Very interesting topic Brooke.    When you speak of percentages do you mean a percentage of Snatch or C & J or do you mean a percentage of Pulls or Presses or Squats.   Or do you mean a percentage of what your next goal is.   Each is different.  Also what do John and Sjak think.    Bye for now

I base them roughly off of my PR's in each lift, at least PR's from a cycle or two back. And I try to add weight when I am feeling it and/or when I think my technique is doing well. Like this week, snatch felt good so I added an extra 2.5 kilos to my sets. If I miss more than two times now I go back down and work at lower weights. I used to blast away missing 5-6 times out of competitive ridiculousness but I think that did more harm than good.

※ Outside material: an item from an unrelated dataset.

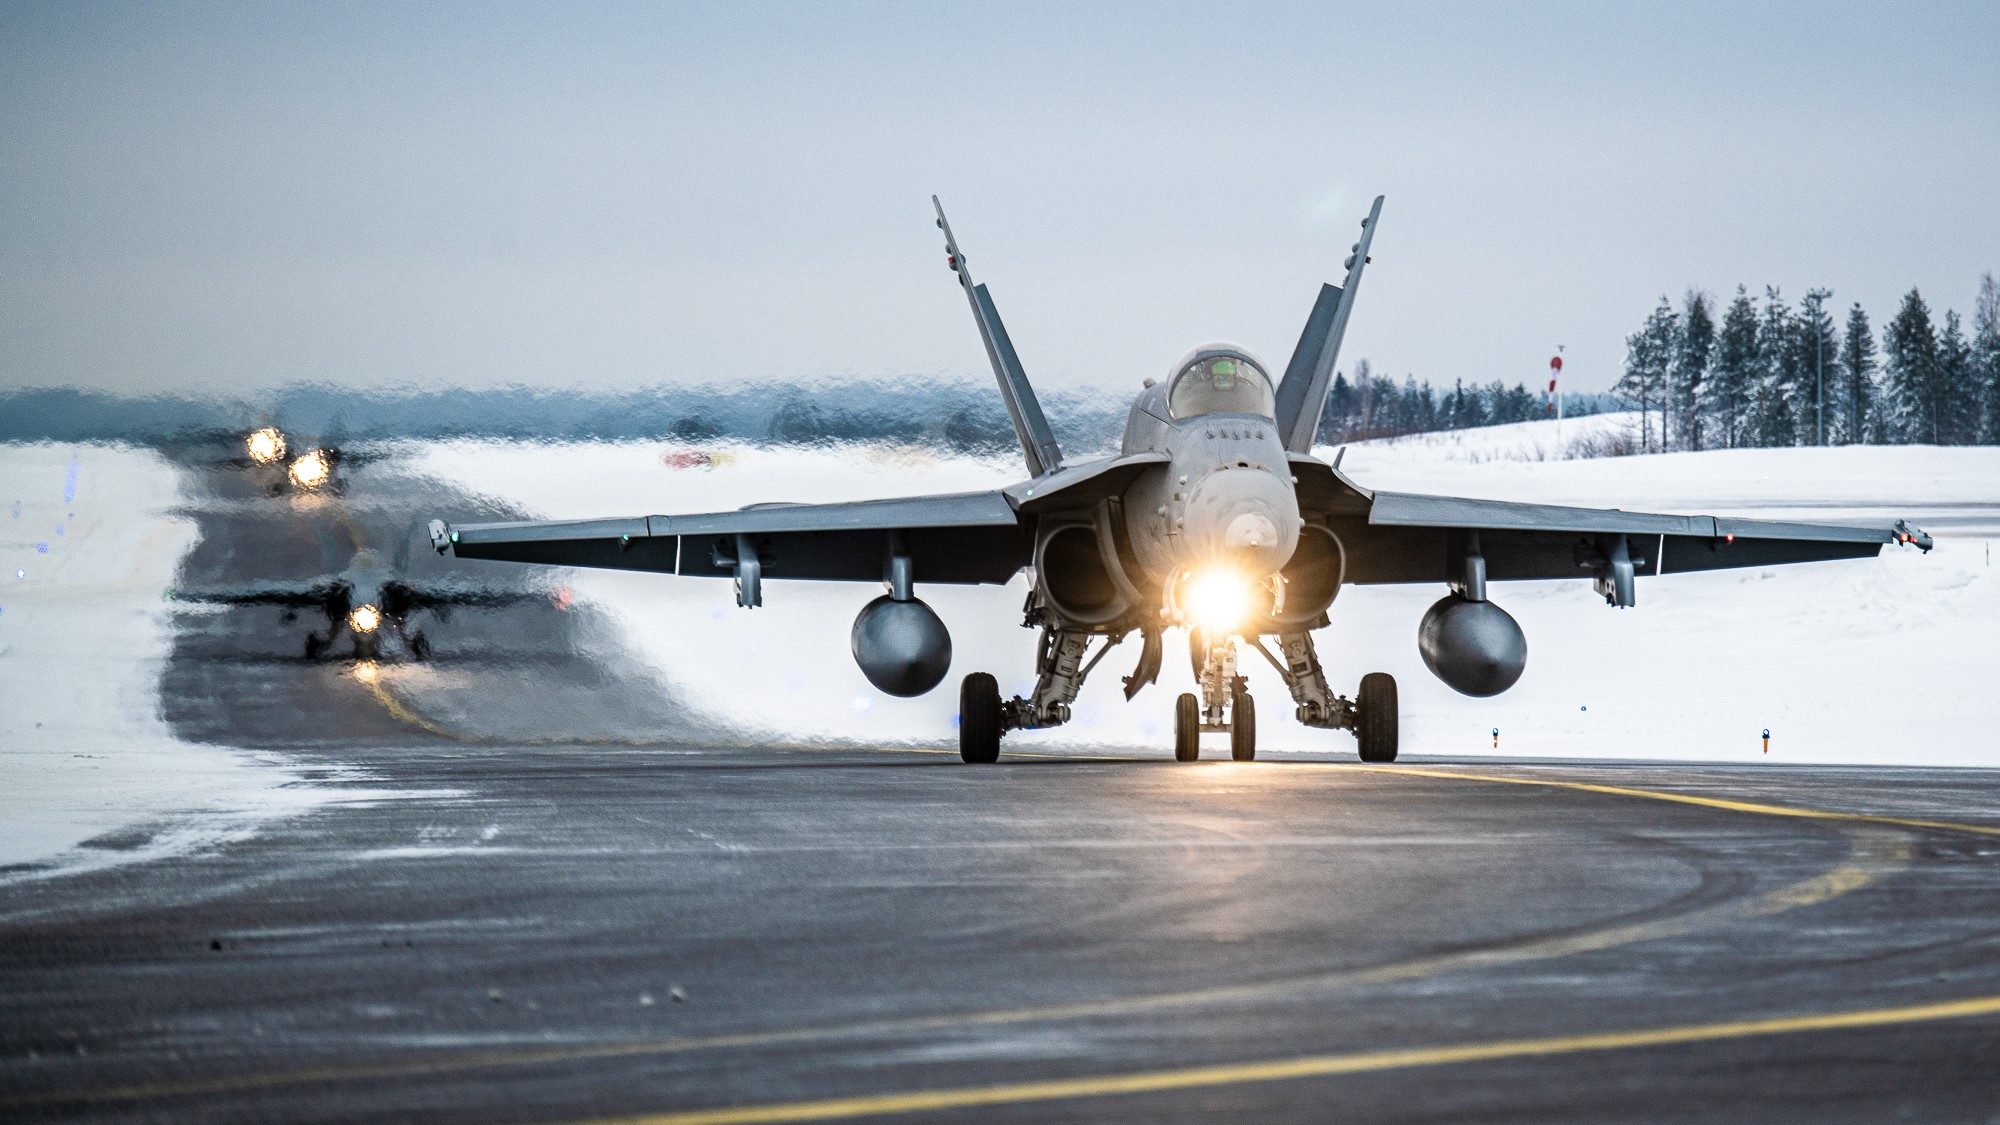 Neljä F/A-18 Hornet -hävittäjää rullaamassa

 Clean, Power Cl - based off latest max clean. Same for Sn and Power Sn
Squats and Deadlifts - based off max squats and Deads. I vary these more than anything usually
Pulls based off of max clean or snatch but may go heavier if I feel it. To me the Sn and Cl Deads are more like slow pulls with shrug usually anyway. But I will do the high pulls at less than max lift probably as well.
Jerk Dips, Jerk Recovery - will be well above the jerk typically. Maybe 120-130% above jerk pr.
Presses - I try to leave 2-3 reps in the tank.


Dips and Chins, Situps whatever I can do.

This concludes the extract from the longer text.